Given the nature of the climate justice movement, campaigners and activists are understandably quick to call out any perceived encroachment by far-right environmentalism. The "we're the virus" line has been comprehensively unpicked and denounced. Another dubious (and hugely popular) tweet claims that, in the wake of the coronavirus outbreak, people in Wuhan could hear birds chirping for the first time in years. It concludes: "This isn't an apocalypse. It's an awakening". During a crisis that has killed hundreds of thousands of people, to call it an "awakening" implies human disposability – and that large-scale death and suffering are necessary to restore nature. While lacking the movement’s overt ethnonationalism, this rhetoric is undeniably congruent with an ecofascist worldview.

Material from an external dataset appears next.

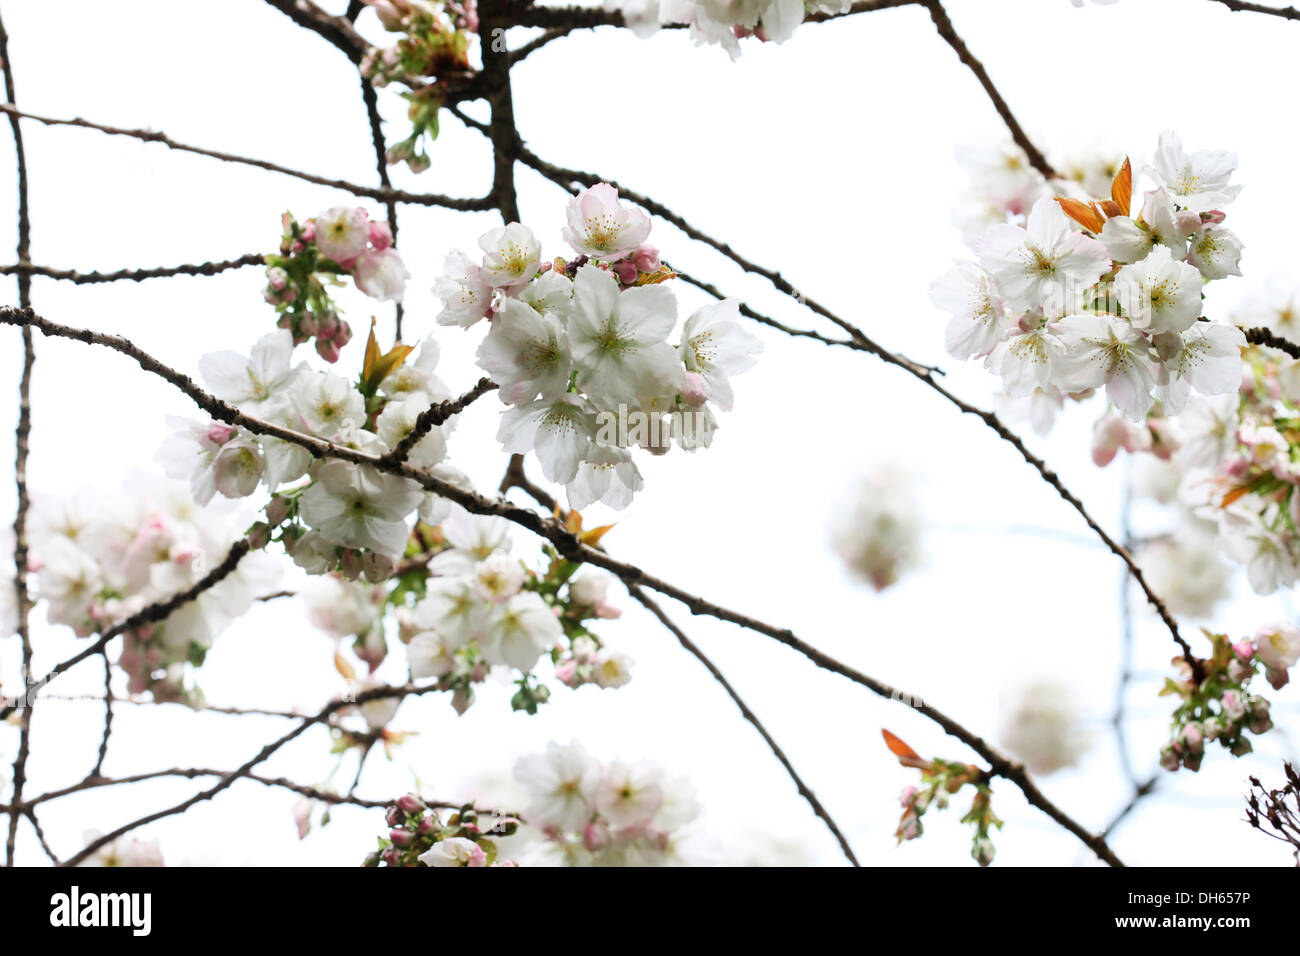 a taste of spring, beautiful clusters of great white cherry blossom Tai Haku  Jane Ann Butler Photography JABP1019 Stock Photo

Of course, vulnerable bodies are also denigrated and devalued under capitalism. Sure, these tedious "we are the virus" takes could signal creeping ecofascism. But they hardly mark a radical departure from prevailing assessments of human worth. Take Donald Trump's current approach to managing the coronavirus, which amounts to "some of you must die for the US economy to live."

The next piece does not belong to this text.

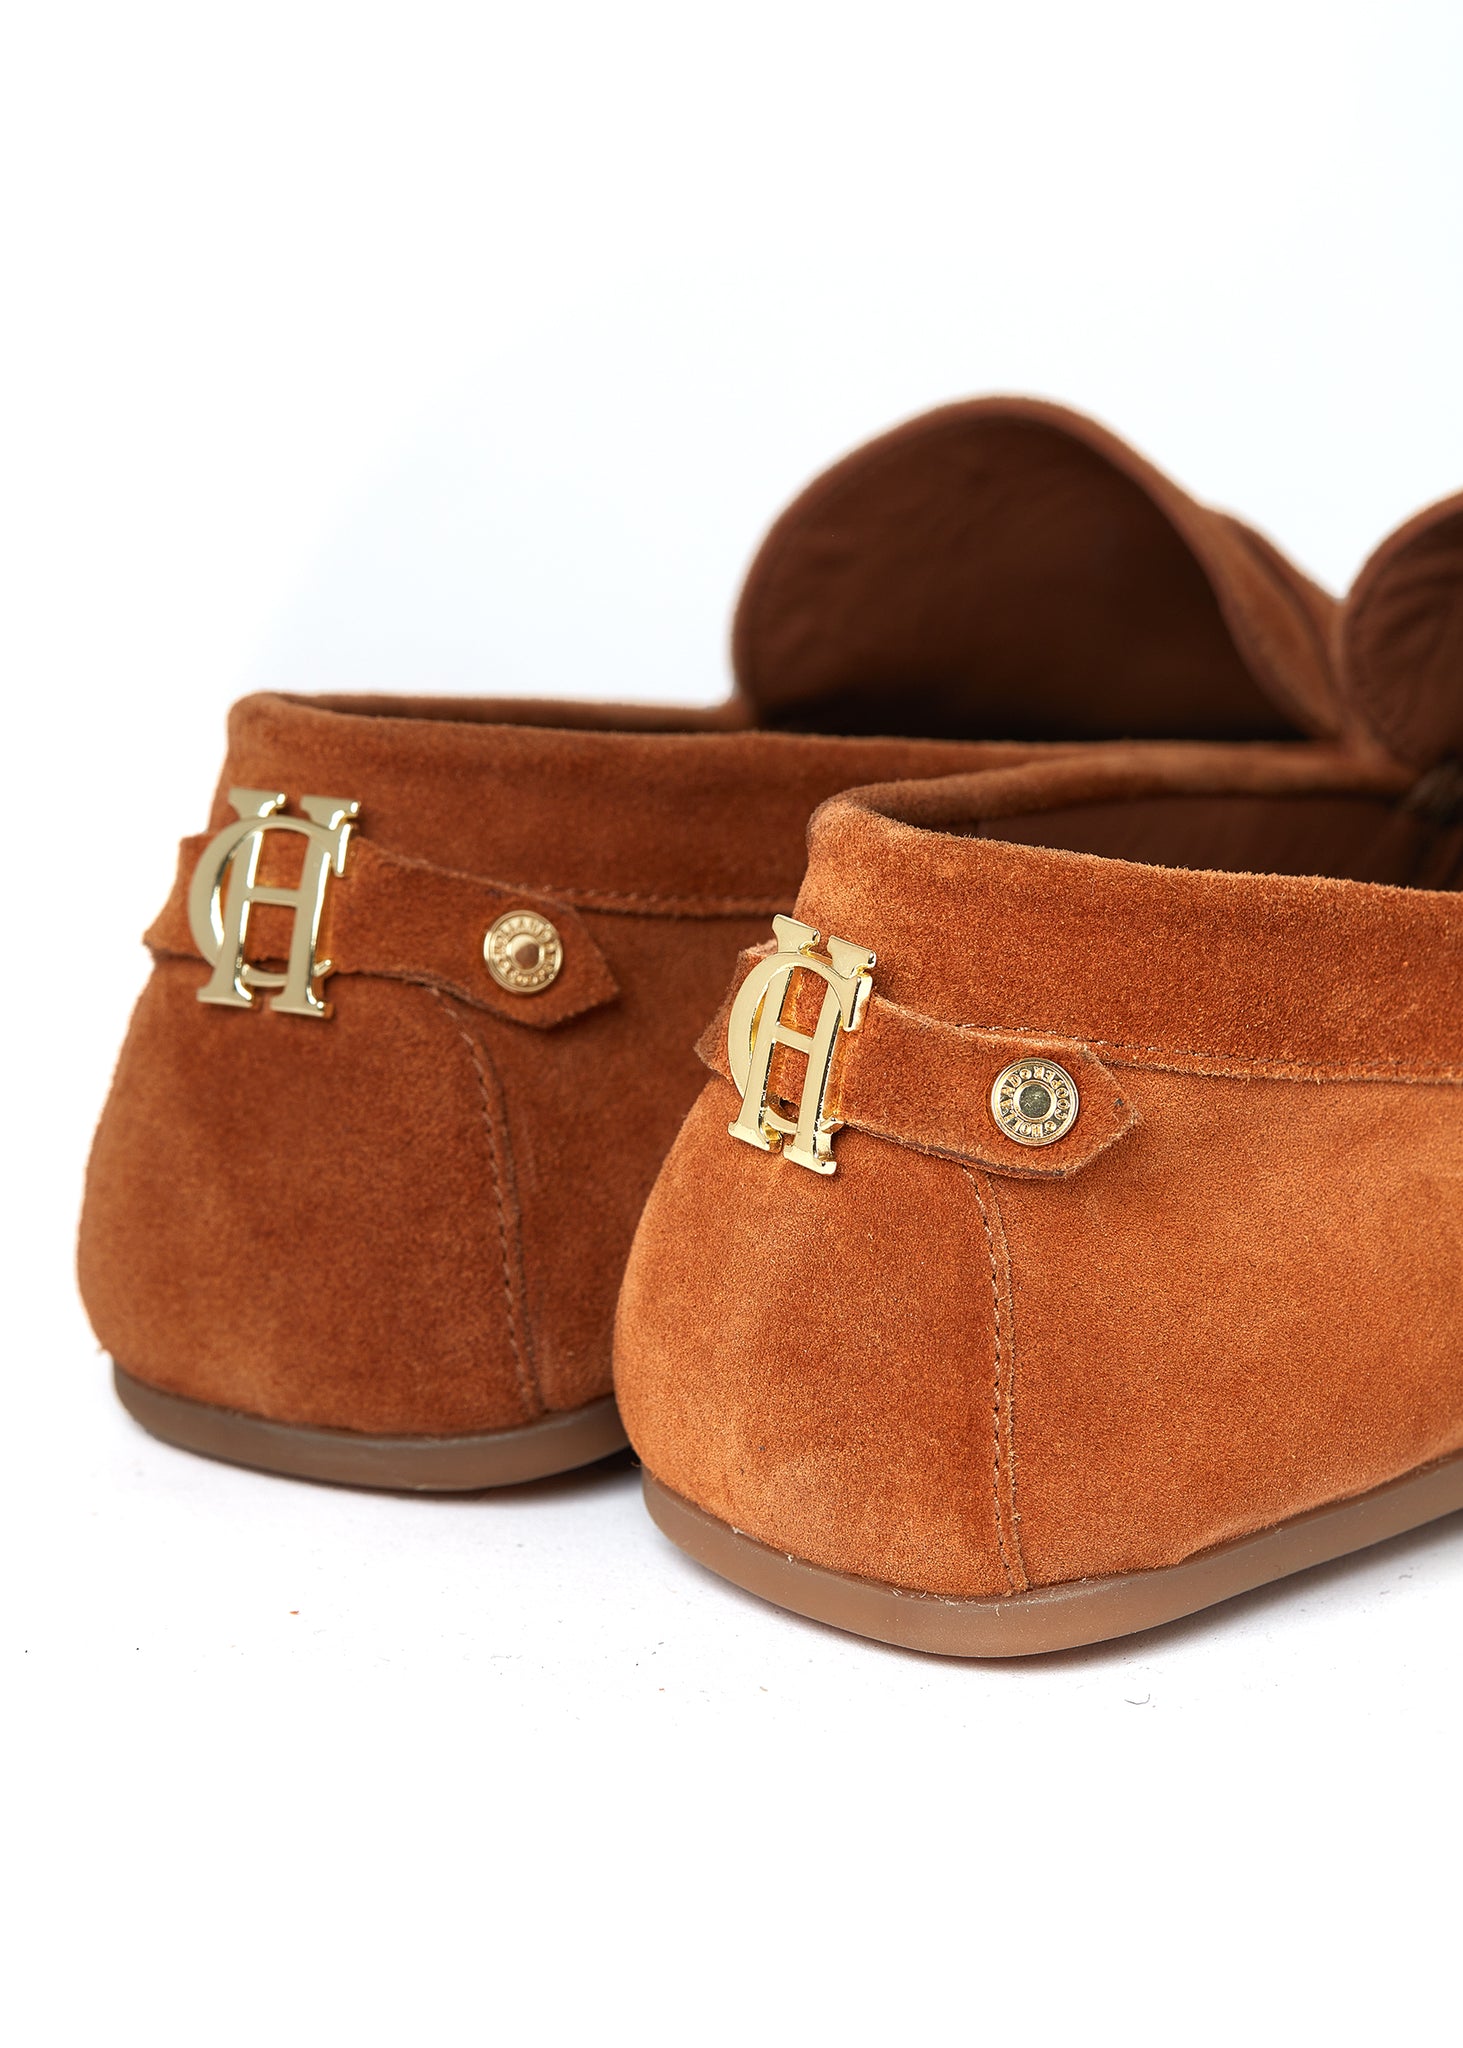 back of classic tan suede loafers with a leather sole and gold hardware

Now is an obvious moment for anyone invested in building a more equitable world to set out their vision, and their plan for realising it. The cracks in free-market systems begin to show most clearly in times of crisis. The planet is now in the midst of the most significant economic and public health crisis in living memory. Some of the biggest names in climate science, policy and activism recently published an open letter calling for a Green Stimulus of $2trn to safeguard US lives and livelihoods in the wake of the pandemic, and the result economic slowdown that has been produced by it. The plan would create millions of jobs in the green economy, accelerate the transition away from fossil fuels and, its architects say, "make our society and economy stronger and more resilient in the face of pandemic, recession, and climate emergency in the years ahead."

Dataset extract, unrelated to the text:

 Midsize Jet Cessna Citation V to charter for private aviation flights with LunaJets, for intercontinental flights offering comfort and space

The epic scale of the reponse to the pandemic has shown the kind of tools that states have available to them. Many in the climate movement have inevitably asked whether if countries can grounding flights and suspending industrial activity to fight a pandemic, surely they could do the same to protect the planet for future generations? Yet, despite bringing to the fore some useful points of comparison, too hasty a judgement seems to miss as much as it clarifies. At the risk of leaning too heavily on pathological metaphors, one problem is acute. It requires swift and dramatic, though ultimately predictable, action: self-isolation, social distancing, restrictions on travel. The other problem is chronic. Many would-be cures are purely theoretical (like geoengineering), while others have only been subject to small-scale trials (carbon capture technologies). While other options again are either too risky or unpopular.
The Covid-19 crisis has yet to reach its peak. As the world settles into an era of uneasy stagnation, it’s crucial that we resist the temptation to praise the virus’s carbon-cutting credentials. Any “progress” on emissions reduction could be rapidly undone if new fossil fuel projects become central features of government stimulus plans. Today, policymakers must deal with the catastrophe at hand. Those of us lucky enough to escape the worst impacts of the virus – physical, financial or psychological – can set about remaking the future.
Jennifer Johnson is a journalist focused on energy policy and climate justice.